The reptiles must be removed from the water when stunned or they will drown.

Volunteers in Texas are gearing up to release nearly 5,000 cold-stunned sea turtles rescued from below zero temperatures amid two historic winter storms.

Sea Turtle Inc., the conservation group responsible for rescuing sea turtles along the coast of the Gulf of Mexico, began receiving the turtles as temperatures started to dropped on Saturday, and that number quickly ballooned to about 4,800 by Wednesday, Wendy Knight, CEO of the organization, told ABC News.

While the organization puts plan in place every fall for the possibility of cold-stun events, it was not expecting such dire conditions, Knight said.

"This occasion has been the largest cold-stunning event in recorded history," she said. "We were not prepared.

In extreme cold, turtles experience hypothermia and can no longer move, and most importantly, keep their heads above water. Once the turtles are stunned, it is critical for their survival to remove them from the water, or they will drown, she said.

South Padre Island, Texas, is a nesting and habitat destination for federally protected endangered sea turtles. The conservation of the turtles is established in the local community, which played a large role in rescuing them, Knight said.

Once it looked like the region would have below-freezing temperatures, hundreds of volunteers came out with boats and nets to collect them.

"Response is ingrained in the community," she said, adding that the majority of them did not have heat or water themselves. "It's what we do."

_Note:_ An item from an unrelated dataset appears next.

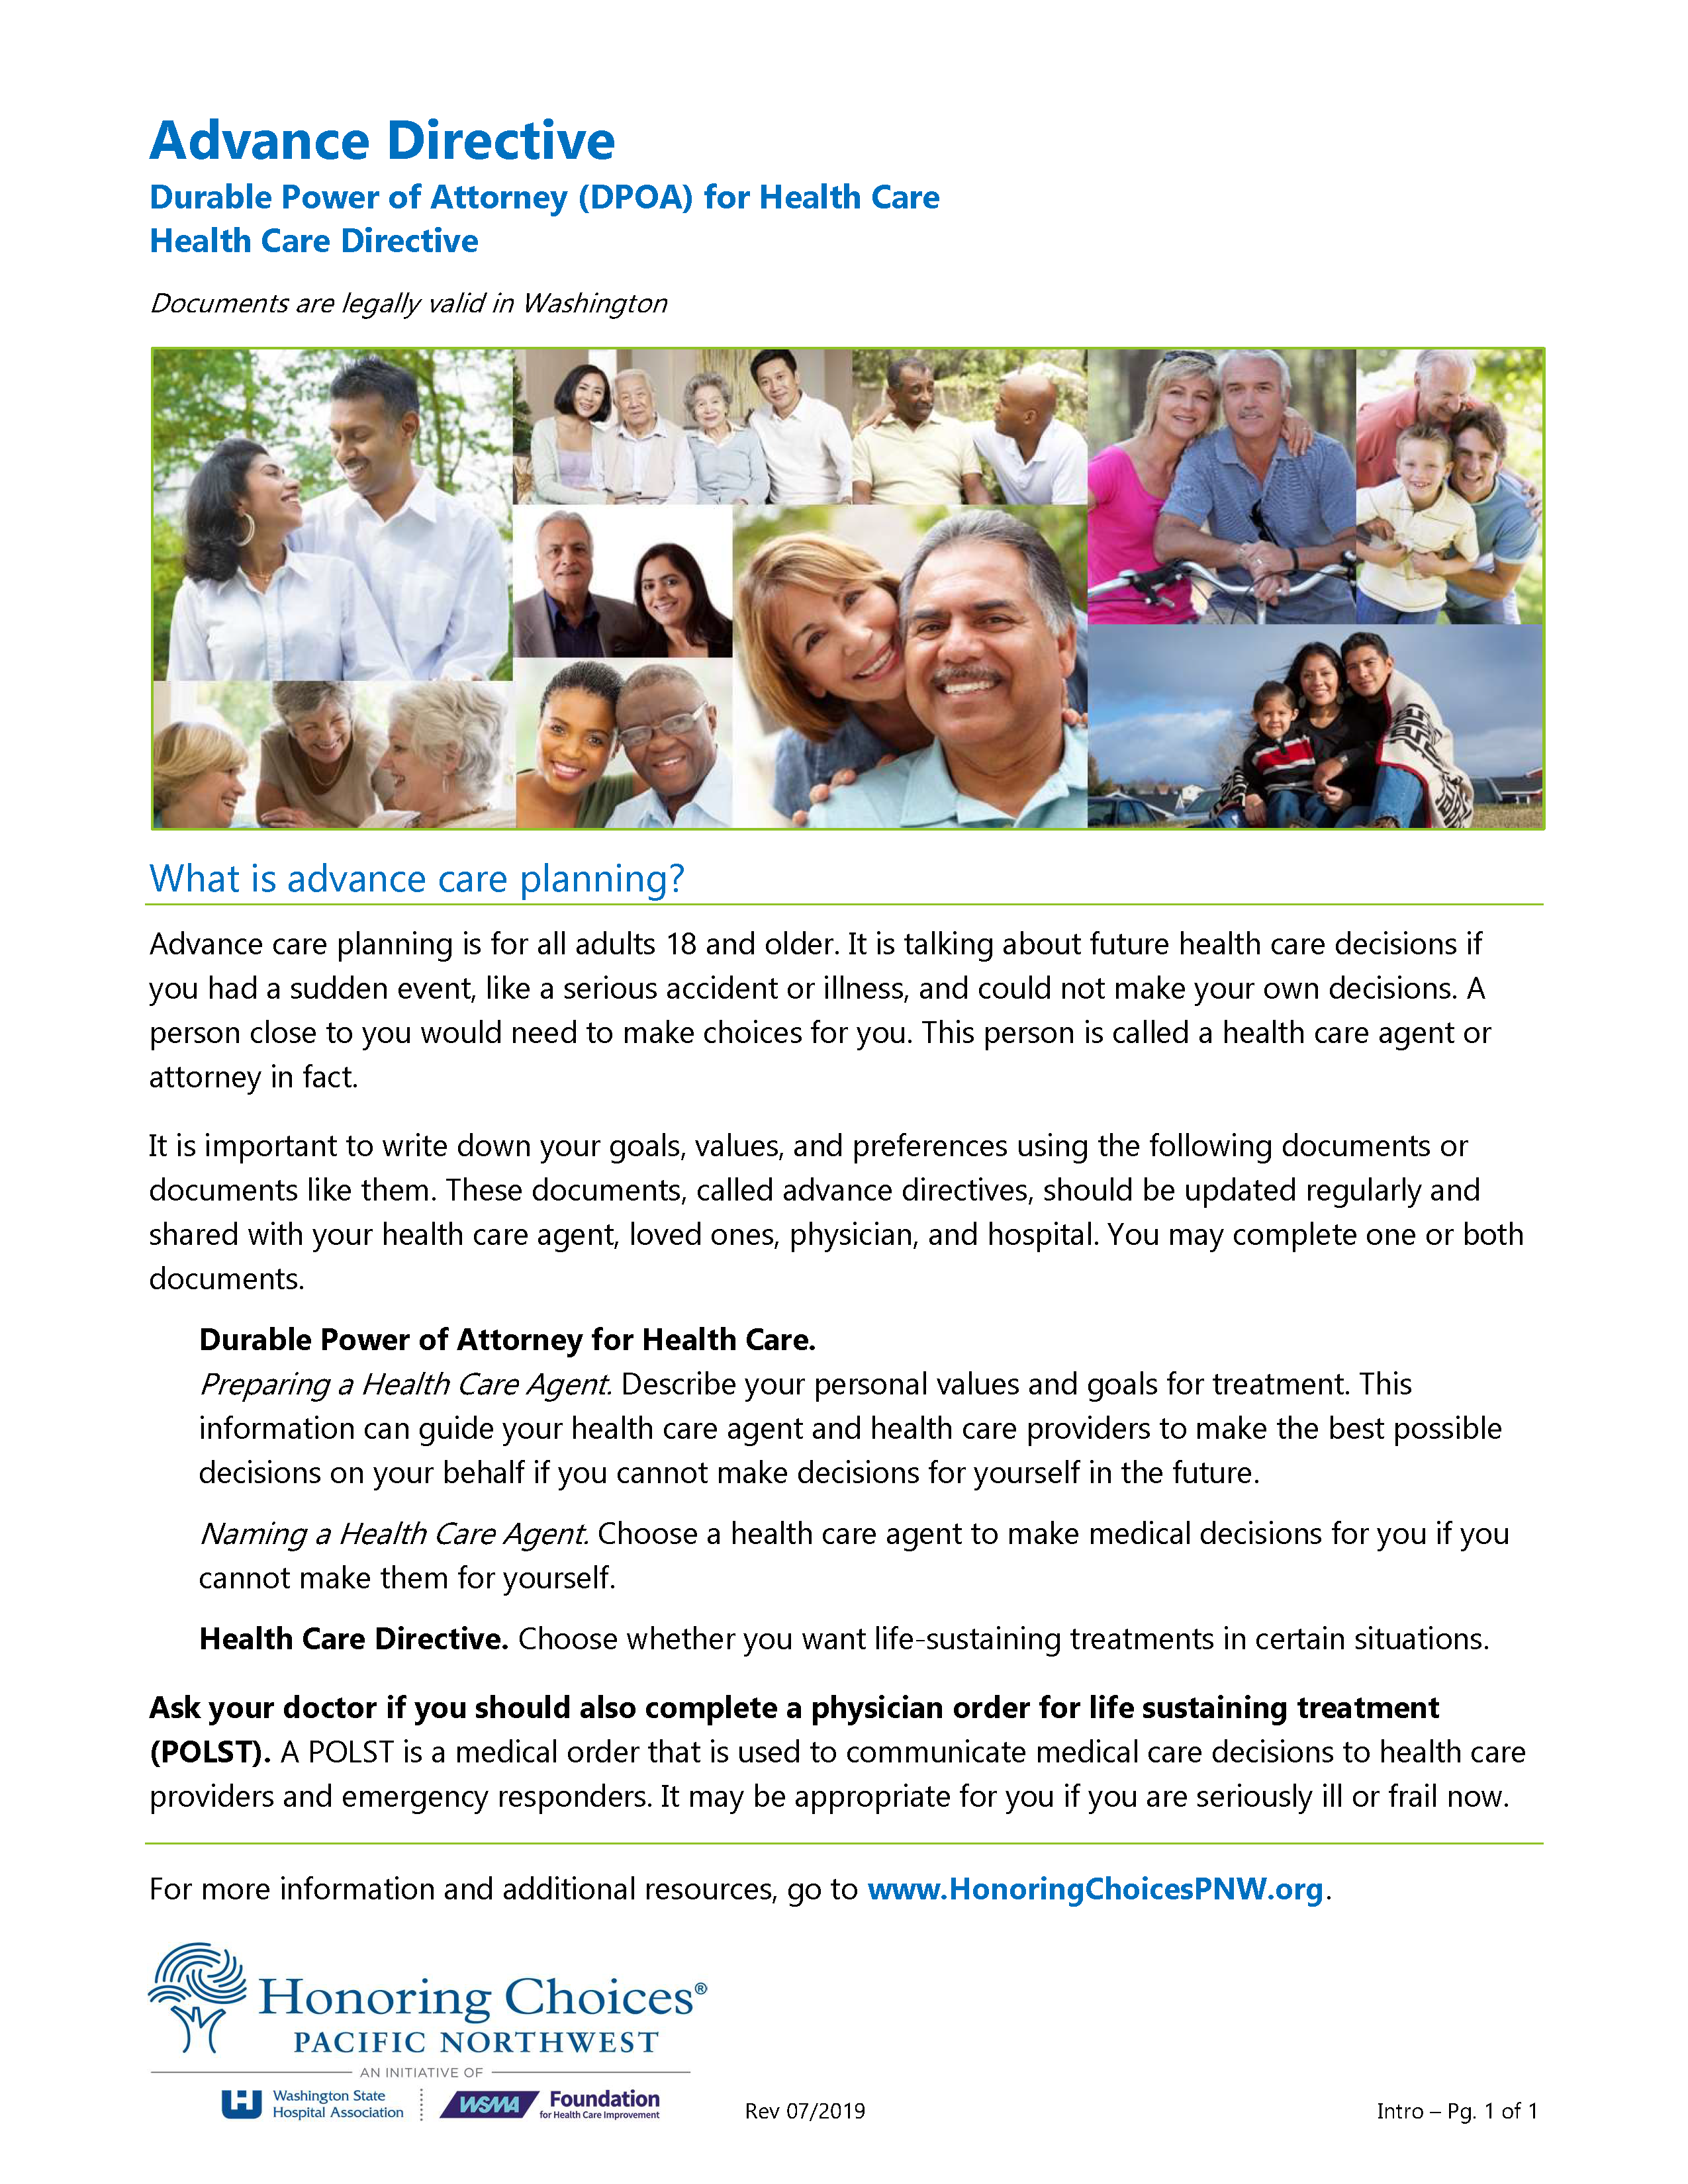 Washington Advance Directive For Health Care

A normal cold-stunning event will contain 100 to 200 turtles, perhaps 500 in a larger event, Knight said. Once the number hit 525, the organization's facility was filled, and the remaining turtles had to be transferred to the South Padre Island Convention Centre.

Neither of the facilities had power at first, but the conditions were still much better than had the turtles stayed outdoors, Knight said.

As the turtles are introduced to warmer temperatures, they will begin to wake up and behave normally.

"We'll start seeing them move their flippers, start seeing them raise their head," Knight said.

The organization will then prepare to release them back into the Gulf of Mexico, she added.

"Things seem to be going our way," Knight said.

Power at the convention center was restored Wednesday, while Sea Turtle Inc.'s facility got its power back on Thursday, Knight said.

Other animals in the region have not fared as well amid the storms. Twelve primates at Primarily Primates, a large animal sanctuary in Bexar County, Texas, died after the facility lost power on Monday.